Blogger: Jennifer Infanti
Photos: Jennifer Infanti & Elisabeth Darj (NTNU), Chandra Yogal (Dhulikhel Hospital-Kathmandu University Hospital)
Elisabeth Darj and I arrived under blue skies at Tribhuvan International Airport on Monday morning, March 24th, 2014. Elisabeth negotiated a price and a verbal guarantee of “safe driving” with a local taxi driver, Rajesh, and we set off with Rajesh on the 30 kilometres drive from the airport to Dhulikhel, the administrative capital of Kavrepalanchok district, Nepal.
Dhulikhel’s population of approximately 14 000 people (2011) is comprised primarily of Newār people who are indigenous to the Kathmandu Valley. The Newārs are traditionally farmers and agriculture continues to be a primary source of livelihood for the majority of people in the community. Our visit coincided with the start of the wheat harvest, and we arrived to landscapes of golden fields and terraced hills.
Elisabeth and I settled into our accommodation at Dhulikhel Lodge Resort and later met our other colleagues from the Department of Public Health and General Practice, Aslak Steinsbekk and Ingunn Harstad, as they returned to the lodge following the first day of Aslak’s week-long course on qualitative research being held at Dhulikhel Hospital.
Dhulikhel Hospital is the teaching hospital of Kathmandu University. It is an independent, not-for-profit institution, serving a population area of approximately 2 million people. NTNU has been formally collaborating with Kathmandu University since 2002 in a variety of disciplines: engineering, natural and social sciences.
In 2007, the Faculty of Medicine (DMF) at NTNU established an official collaboration with the Kathmandu University School of Medical Sciences and Dhulikhel Hospital to facilitate teaching and research exchanges of students and staff between the two institutions. Ingunn Harstad is the current coordinator of this partnership, and the reason we were all in Nepal on this occasion.

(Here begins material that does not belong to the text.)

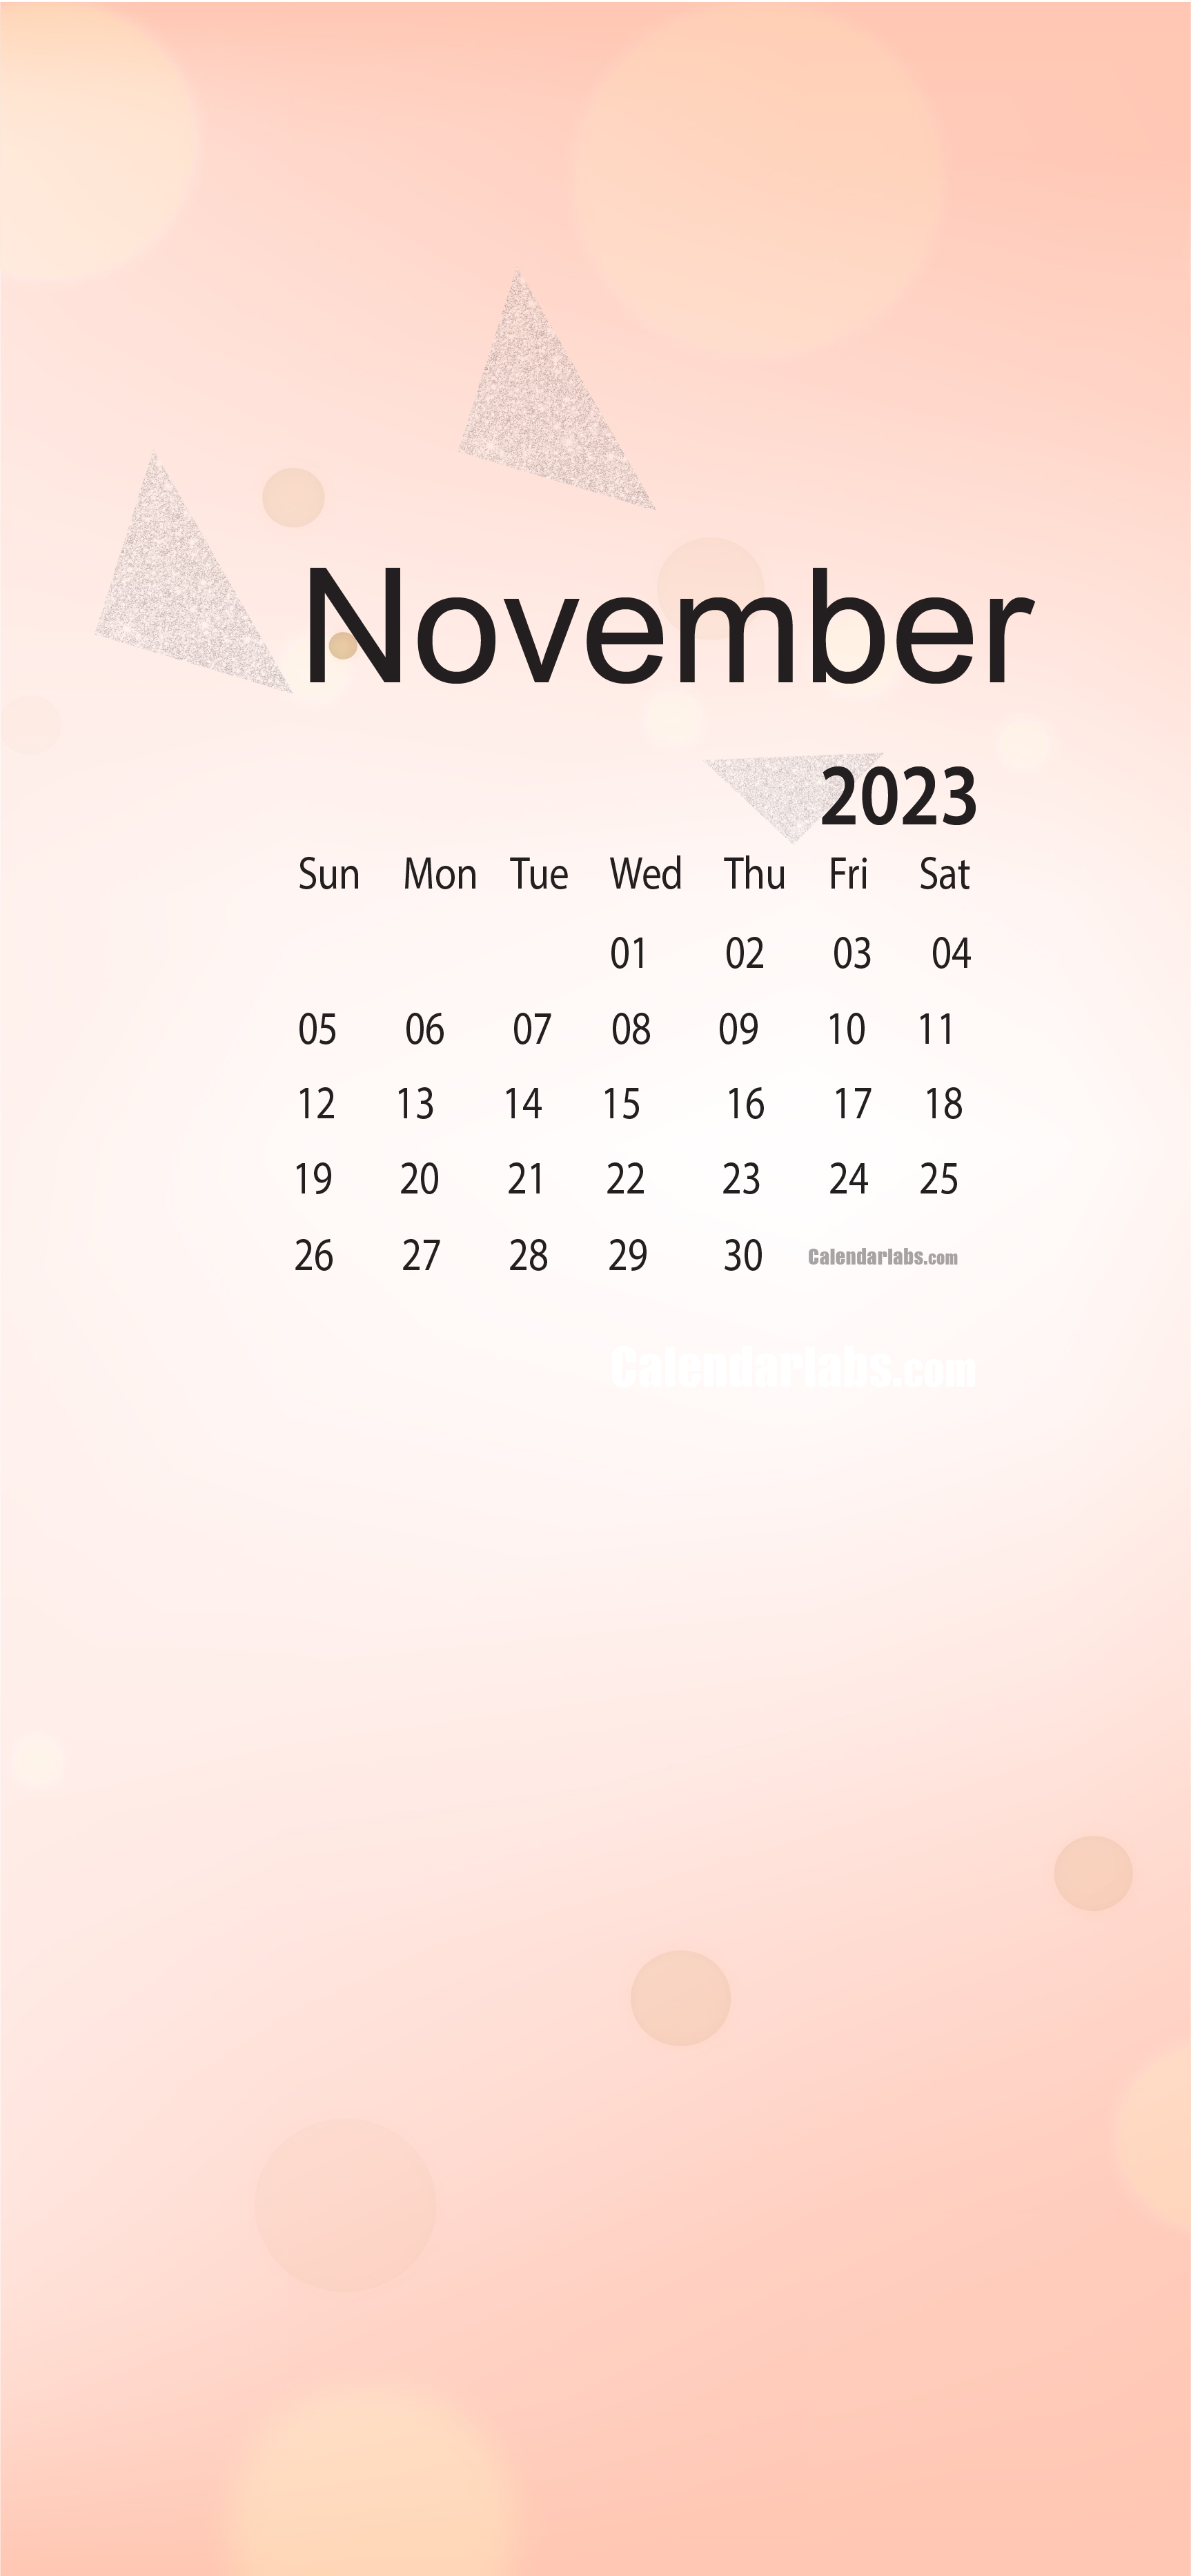 November 2023 Desktop Wallpaper Calendar - CalendarLabs
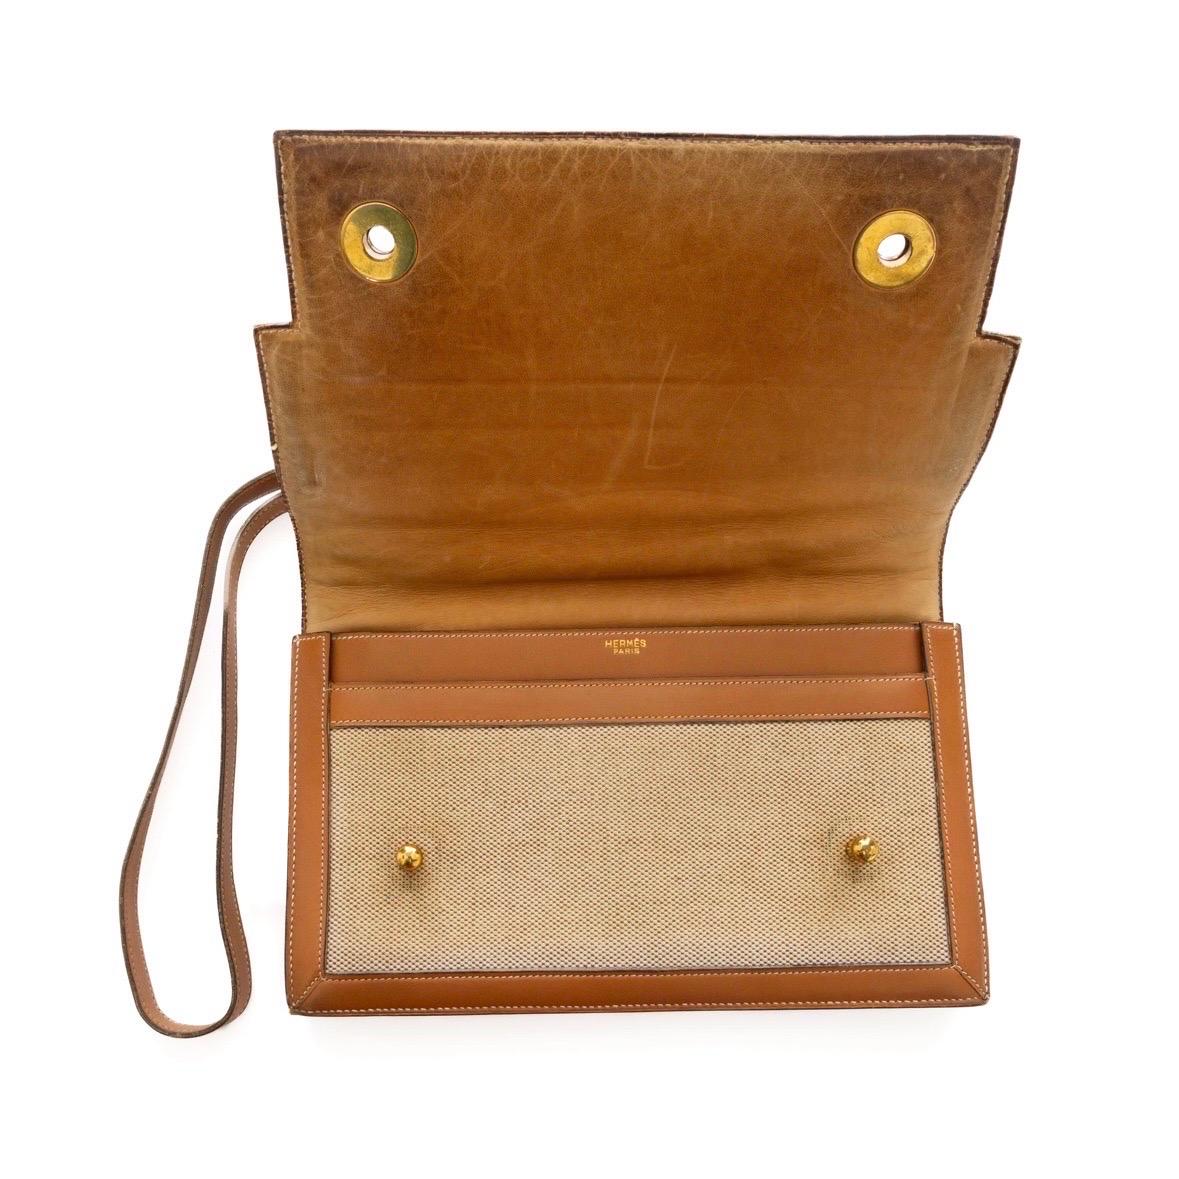 Hermès Vintage Tan Leather and Canvas Piano Shoulder Bag (Circa 1960s) For Sale 9

With increasing numbers of students from Nepal enrolled in NTNU degree programmes, Ingunn has been encouraging efforts by DMF to offer Master- and PhD-level credit courses locally in Nepal. Aslak agreed to teach his course, Qualitative Research Methods (SMED8015), as the pilot initiative of this project. On this occasion, most of the participants only took part in the week-long course but a few signed up to obtain the full course credits and thus have continued after the week with the required assignments.
Elisabeth and I are working on a research study led by Berit Schei, “Evaluating interventions in antenatal care to identify and assist victims of gender-based violence in Nepal and Sri Lanka”. This study employs two NTNU PhD students from Nepal, Poonam Rishal and Kunta Devi Pun, both of whom were enrolled in the qualitative research course.
For the next four days then, Elisabeth and I joined Aslak, Ingunn, Poonam, Kunta and the 15 other students in the course for a series of lectures and group-based project work. Between breaks for masala tea and lunches of dal baht or momos (Nepali dumplings) at the hospital canteen, we learned strategies to collect data using interviews and focus groups and became more familiar with the techniques of thematic qualitative data analysis. Overall, the course participants were enthusiastic and diligent, and the quality of the group conversations and project presentations more than met teaching expectations. Elisabeth and I also had the opportunity to work with our two PhD students in the evenings on their projects, making it a very productive week for all of us.